As shown in Figure 9, the proposed LMBP-ANN model was able to predict the self-calibration of pressure relative to either with target pressure (reference) or without target pressure. It is clear that the predicted output tracked the target successfully during the first 28 pulses which were calibrated previously as introduced in Section 3.1. The estimated pressure pattern in the middle of target can be observed from Figure 9 and there are no data outliers. Furthermore, another two pulses after pulse 28 were predicted correctly even when no reference had been used. The results verify that the trained neural network can effectively correct and accurately measure the input pressure, which proves sufficient performance.

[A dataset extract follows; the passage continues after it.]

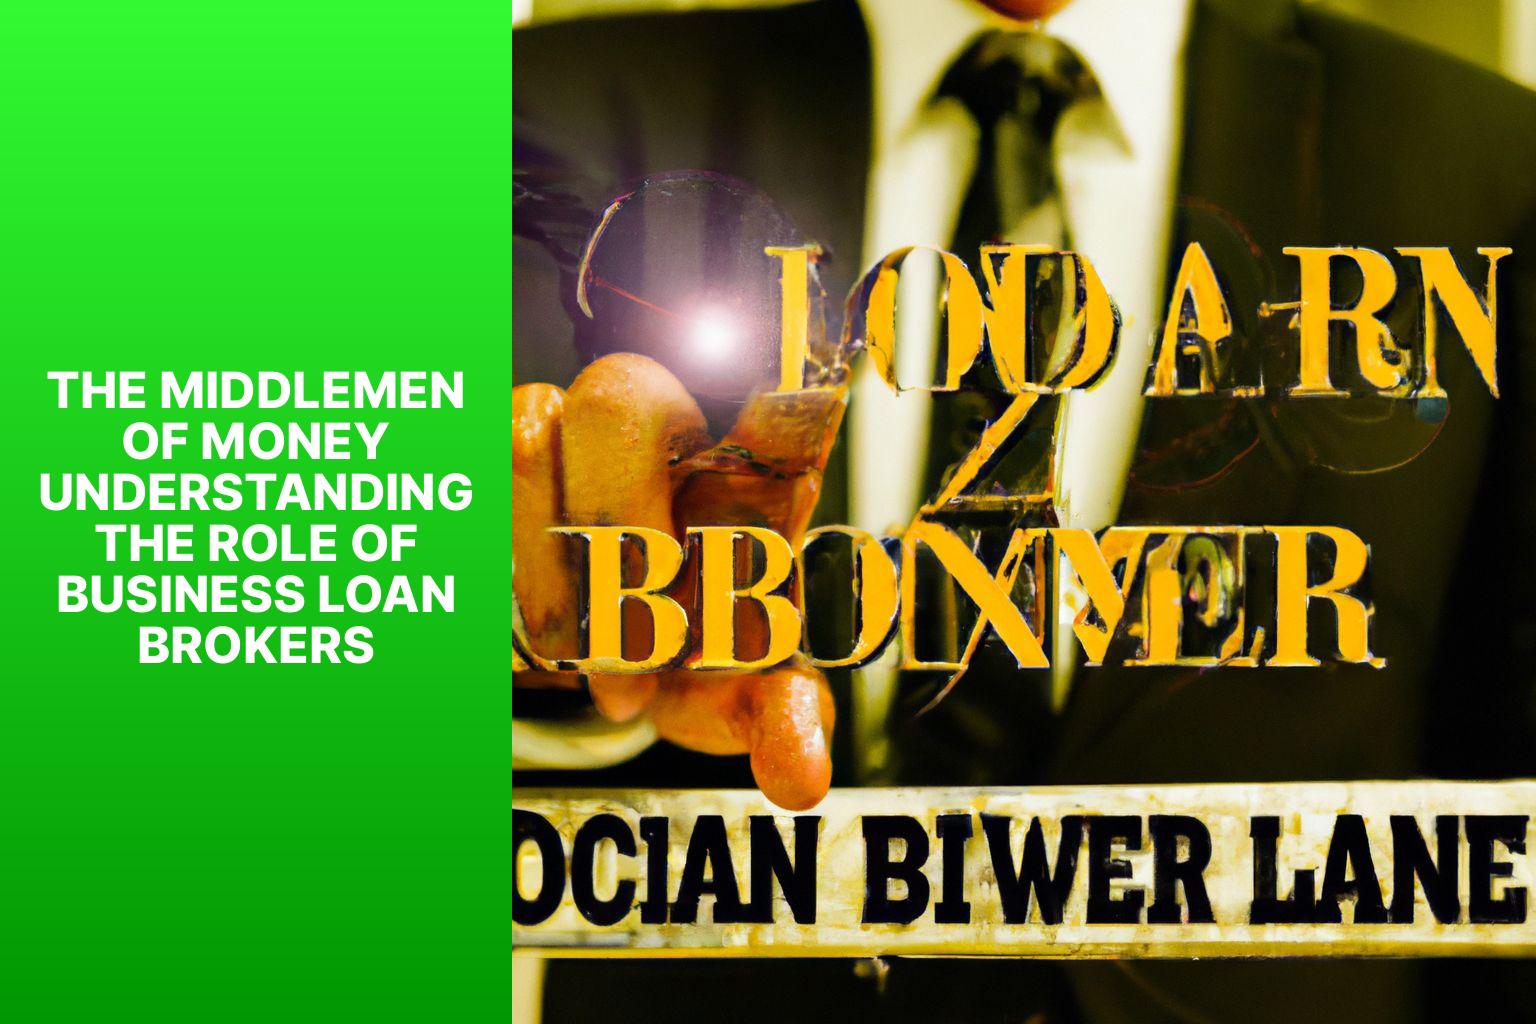 The Middlemen of Money Understanding the Role of Business Loan Brokers

To clarify more how the proposed LMBP-ANN model performs either after 20 min of calibration time or if the applied pressure was higher than target pressure (reference), the model was tested from pulse 28 onward as shown in Figure 10. The blue curve is the target pressure, which represents the reference for the tested data, while the red is the output pressure (predicted) of the trained neural network for a new untrained input data. As appears in the graph, the proposed model has effectively estimated the desired data in line with the target and has achieved a typical performance at pulse number 28 (20 min onwards). After that, a new predicted data has been successfully estimated and it was compatible with the estimated pattern even the reference no longer exists, as shown at the end of curve. However, the two blue lines of target pressure are due to the hysteresis of sensor calibration. Although the hysteresis of the sensor had increased during the process time, the proposed model kept the prediction of the desired data within the target range.

As a result, the proposed LMBP-ANN model for self-calibration purpose was able to successfully predict the desired pressure over time, even the uncertain behaviour of the pressure sensors due to its material creep. This means the proposed model overcomes the problems of hysteresis, variation in gain and lack of linearity over time.

5. Conclusions

In this paper, a novel pressure sensor self-calibration estimation method is developed for a secure grasp of a paralyzed hand based on wearable robotic hand gloves. The developed method was implemented using the proposed Levenberg Marquardt Back Propagation Artificial Neural Network (LMBP-ANN) model. The LMBP training algorithm was effectively applied in the ANN model to minimize the MSE and to determine the optimal parameters that govern the input-output relationship of the model. Experimental data of pressure measurement system was collected in real time. With the pressure data obtained, the developed LMBP-ANN model was trained.

The experimental results showed that the developed LMBP-ANN model can accurately estimate the applied pressure, and its performance is advantageous over other traditional methods with respect to estimation accuracy in real time. The reliability of the proposed model for the complete data set was evaluated via the mean-square error (MSE) and coefficient of determination (R²) between the model’s predictions and experimental results. The MSE value was 0.17325 and R² value was 0.99975, which indicated adequate performance. Future works are related to the implementation of this method in microcontroller using wearable robotic hand glove based on pressure sensing mechanism.